Neulich habe ich etwas ganz Seltenes gesehen:
Eltern, die ihre Kinder erziehen!
Der herrschende Leitsatz moderner Eltern lautet bekanntlich:
Erziehung geht mich nichts an. Das sollen die in der Schule machen.
Rücksicht muss gelernt werden
Und also auch gelehrt. Rücksicht meint hier übrigens nicht die gute Sicht im Auto nach hinten, sondern jene Eigenschaft, die Menschen miteinander friedlich zusammenleben lassen.
Obwohl Rücksicht irgendwie schon etwas mit „Zurückschauen“ zu tun hat. Im Lateinischen heißt Rücksicht ja „respectus“. Respekt wiederum bedeutet in unserem Sprachgebrauch so etwas wie Wertschätzung anderen Menschen gegenüber zu haben. Oder auch Tieren.
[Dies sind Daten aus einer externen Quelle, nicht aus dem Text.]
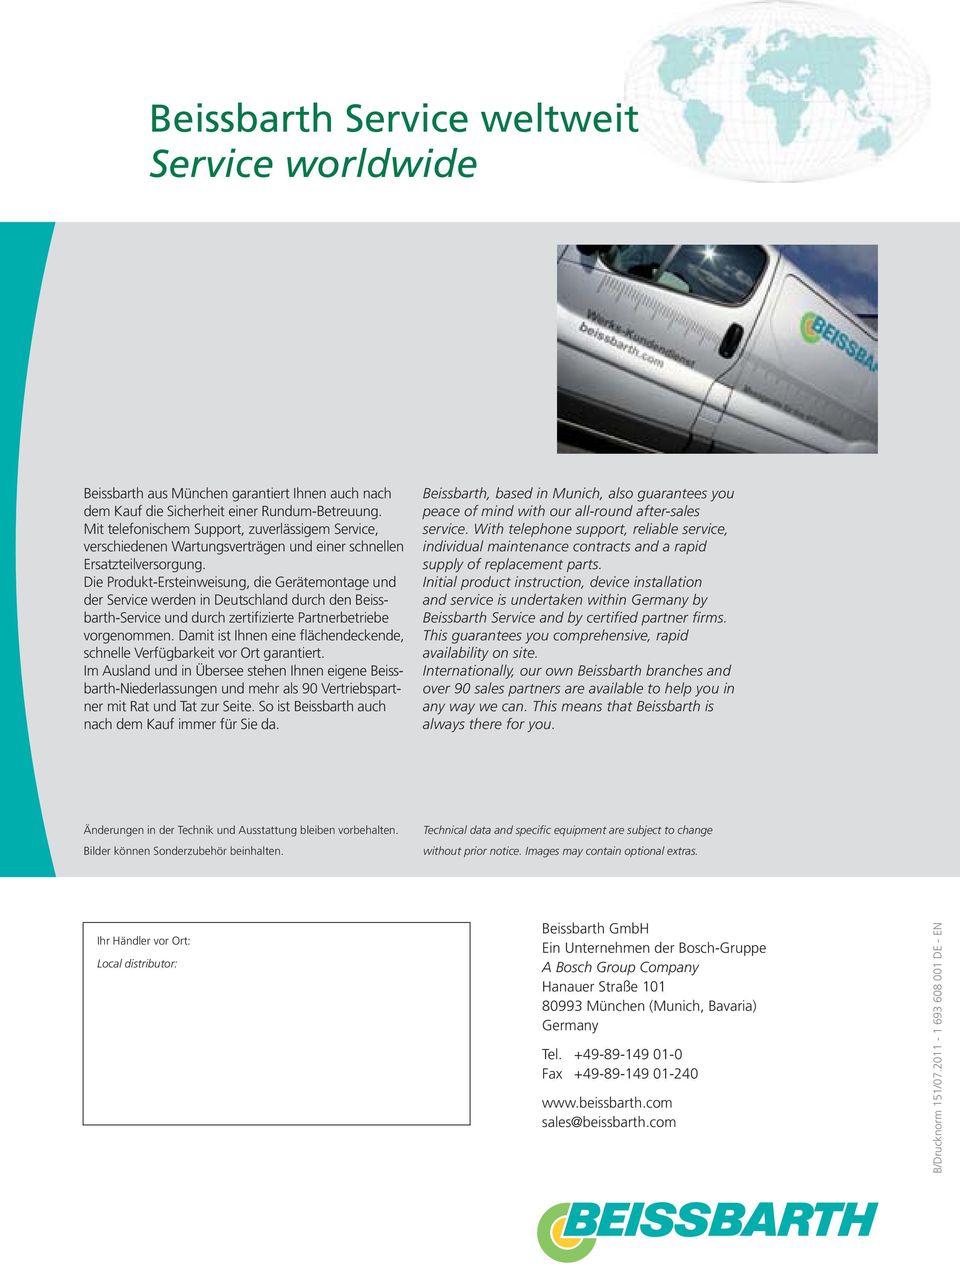 Die Produkt-Ersteinweisung, die Gerätemontage und der Service werden in Deutschland durch den Beissbarth-Service und durch zertifizierte Partnerbetriebe vorgenommen.

Womit ich wieder bei Leo gelandet bin. Rücksicht wird uns bekanntlich nicht in die Wiege gelegt, sie muss uns beigebracht werden.
Damit ist nicht jene Art von Erziehung gemeint, die Kinder zu dressierten Wesen macht, die später jeden Befehl ausführen, sei er noch so vertrottelt oder menschenfeindlich.
Aber auch nicht jene (Nicht-)Erziehung, die in einem seltsamen Glauben an das Gute im Menschen meint, das kleine Kind wisse von Geburt an, was das Beste für es und die Welt ist.
Mach bitte Platz
Es ist nämlich so, dass der Gang in unserem Haus etwas schwierig zu begehen ist. Wenn ein — und sei es auch nur ein kleiner — Mensch hier steht, kann der zweite das Haustor nicht öffnen.
Nun stand also ein netter Bub von etwa vier Jahren vor der Tür und versperrte den Zugang zu ebendieser. Von einiger Entfernung ertönte nun die freundliche Stimme der Mutter:
„Leo, geh bitte auf die Seite, der Mann möchte hinausgehen.“
So wundersam schon dieser Satz in meinen Ohren klang, nun öffnete das Kind auch noch die Eingangstür und trat zur Seite.
„Danke, das ist aber lieb von dir“, flüsterte ich dem Knaben ergriffen zu und hätte ihm beinahe über den Kopf gestreichelt.
Ich wandte mich seiner Mutter zu, die freundlich lächelte.
Ich sah auf das kleine Kind, das den Hinweis von ihr problemlos aufgenommen und befolgt hatte.
Der Urschrei
Und ich dachte an den süßen Kleinen, den ich heute Vormittag in der U-Bahn gehört hatte. Ich saß viele Meter von ihm entfernt und hörte ihn andauernd laut lachen und schreien.
Aus der Ferne konnte ich immerhin erkennen, dass er mit seinen süßen Schuhe auf seinem Sitz auf- und abhüpfte, während er den Umstehenden die Zunge zeigte.
Seine Mutter widmete sich konzentriert ihrem Handy und hatte wohl Kopfhörer auf, die alle Laute ihres Kindes perfekt abschirmten. Anders konnte ich mir die Ruhe nicht erklären, die sie ausstrahlte.
Besser gesagt: Anders ist das Desinteresse an ihrem Kind nicht erklärbar.
Ich stellte mir vor, wie dieses Kind in ein paar Jahren seiner Lehrerin nicht mehr die Zunge, sondern den Mittelfinger zeigt. Und hatte große Lust, die Frau anzuschreien und sie zu fragen, warum sie ihrem Kind nichts beibringen will.
Es nicht beachtet.
Es zu einem rücksichtslosen Egoisten erzieht, indem sie nicht erzieht.
Ich wollte einen Urschrei machen, damit die Frau aus ihrer Passivität erwachte.
Ich habe es nicht gemacht. Ich fürchte, ich bin zu gut erzogen worden.